Sweetness&#55357;&#56841;


----------



## Boosted-Z71 (Nov 26, 2007)

Yes $7, he started at $10, I offered $5 and he countered $7

It was a good day

Boosted


----------



## pshoe64 (Jun 10, 2008)

Wow! Terrific find! Nice color too!

-Paul


----------



## Crimnick (May 28, 2006)

Nice!


----------



## Black Oxxpurple (Jul 3, 2011)

Sweet


----------



## wyatt641 (Jan 14, 2012)

very nice..hoping my flea market find ship will come in someday..lol


----------



## GT40 (Jan 18, 2014)

wow
You hit a Home Run with that car.:thumbsup:
I'D BUY THEM ALL DAY LONG AT THAT PRICE.:woohoo::woohoo:


----------



## Bubba 123 (Sep 10, 2010)

Boosted-Z71 said:


> Ok I finally got what I consider to be a big find today, after years of going to flea markets and garage sales & only finding beat up Lifelike & Tyco cars I hit the home run today
> 
> 
> 
> ...


I'm hunting U down & beating U w/ a wet-noodle !!!
GREEN w/ Envy!!! :thumbsup:
congrads :thumbsup:

Bubba 123 :wave:


----------



## Boosted-Z71 (Nov 26, 2007)

Thanks Guys, I am very pleased with my find, I went back today & he did not drive back to where the other cars were at, so he promised to bring them next week

Boosted


----------



## Joe65SkylarkGS (Feb 15, 2010)

Road TRIP!!!!!!!!!!!!!!!!


Nice score boosted


----------



## Bubba 123 (Sep 10, 2010)

Boosted-Z71 said:


> Thanks Guys, I am very pleased with my find, I went back today & he did not drive back to where the other cars were at, so he promised to bring them next week
> 
> Boosted


Xmas anytime is a GOOD time 4 Xmas ;-)

Pete :wave:


----------



## A/FX Nut (May 28, 2004)

Good job Boosted Z71. I'm happy for you. I hope you can get more great deals this summer.

Randy.


----------



## ParkRNDL (Mar 20, 2002)

Score! Very nice.

--rick


----------



## Boosted-Z71 (Nov 26, 2007)

had to work yesterday and it poured rain, so we figured no one would be at the flea market, so I went this morning and he was there and had found the cars, I picked up the following for cars for $10 plus some Atlas track, maybe 20 pieces.

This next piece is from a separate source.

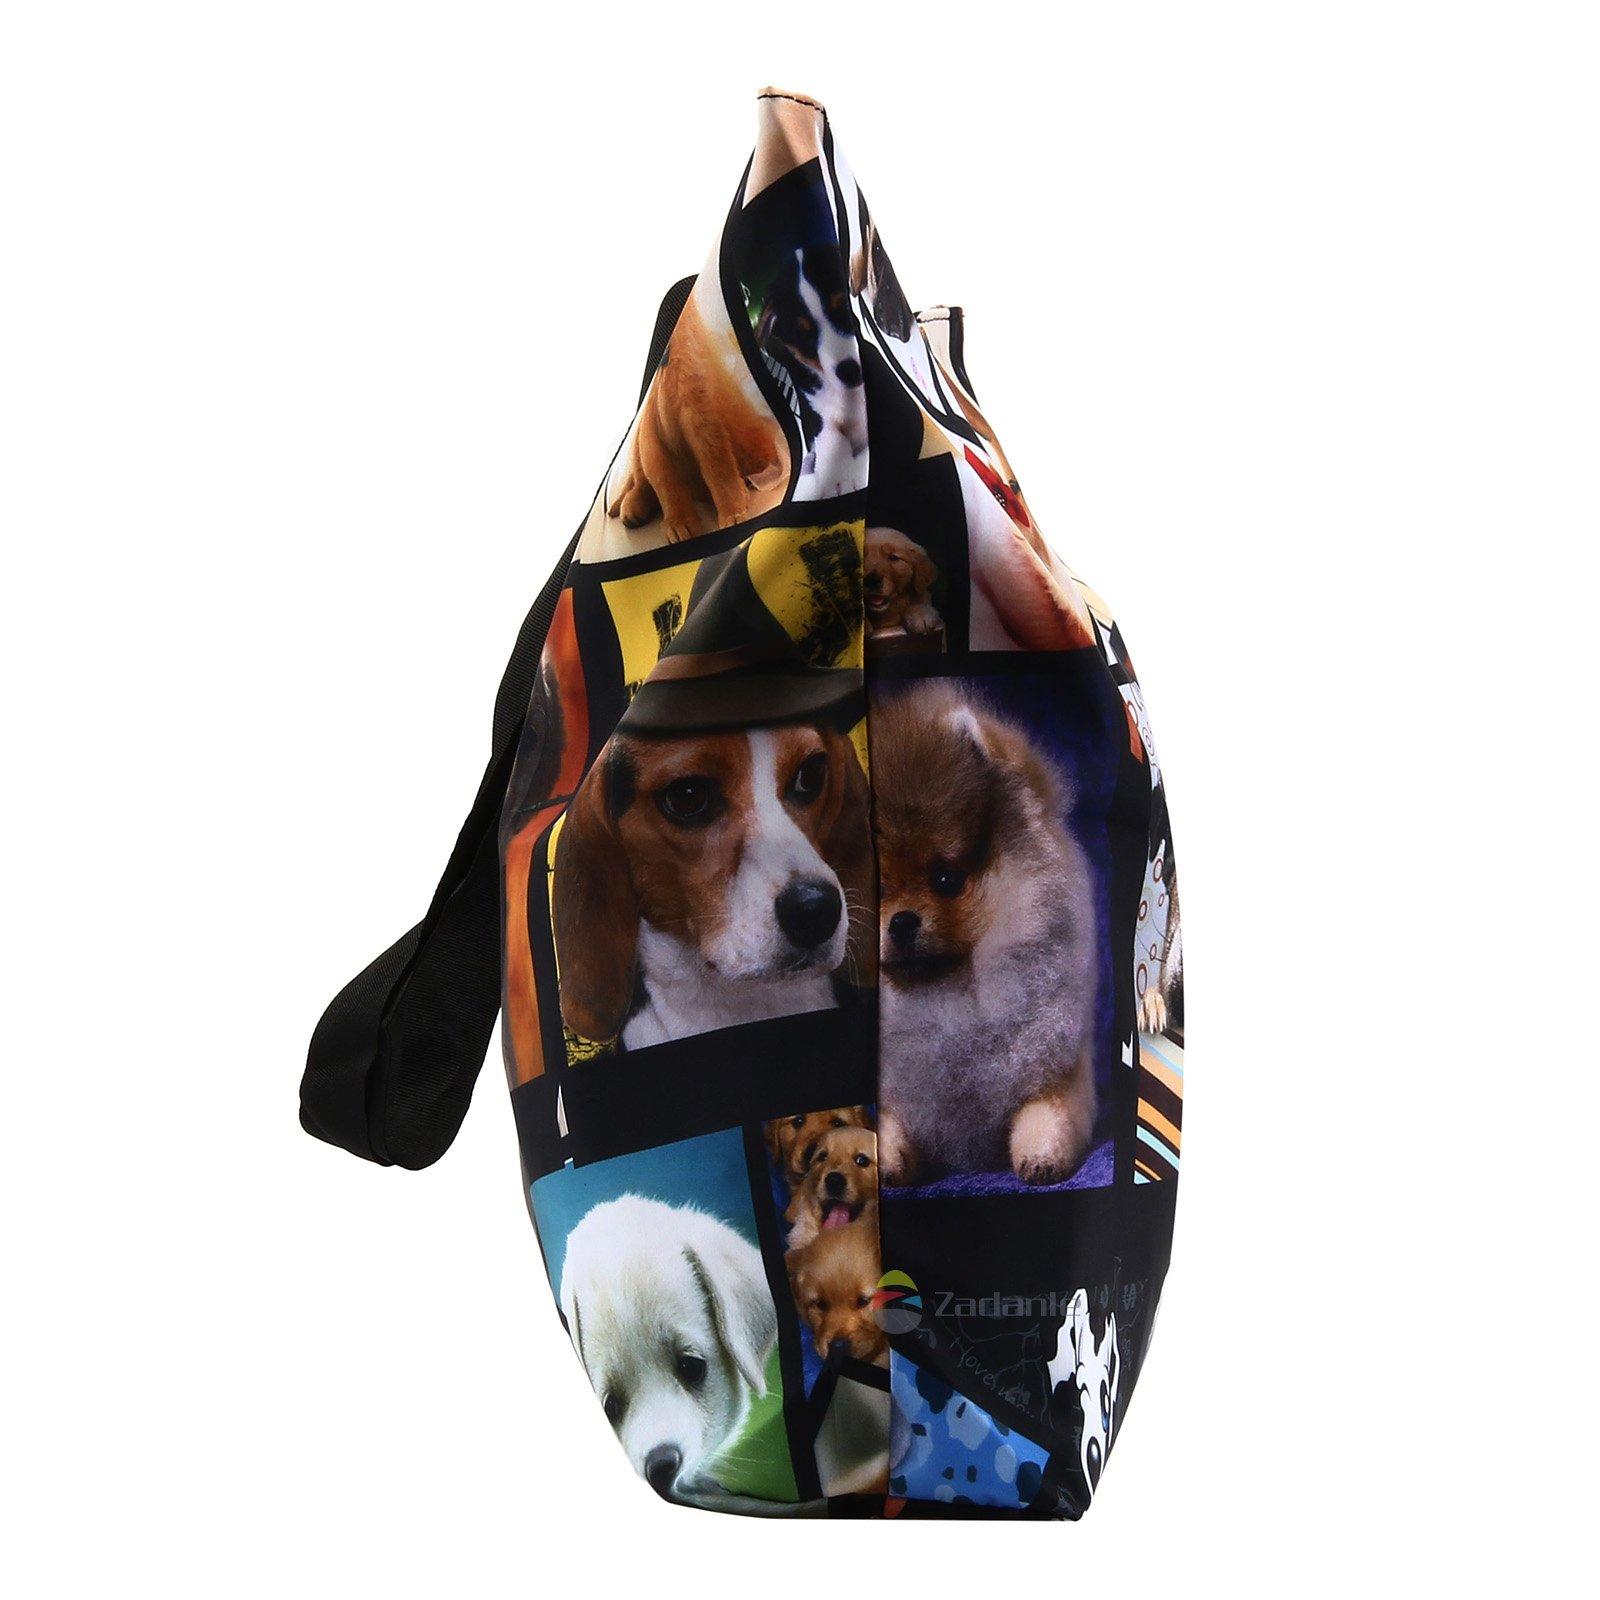 Newplenty Ladies Zippered Light Shoulder Shopping Tote Bag Handbag Beach Satchel, Many Dogs by newplenty (Image #4)

And there is a chance that he may know where more are at, I can hardly wait

The bodies are in perfect condition, the Lionel Is missing pickup shoes & motor, & that is it. going to be removing those decals soon

Boosted


----------



## vickers83 (Mar 8, 2010)

Excellent Score again! Hope he finds a boat load for ya! :thumbsup::thumbsup:


----------



## LDThomas (Nov 30, 1999)

Those decals look factory to me. Think twice...


----------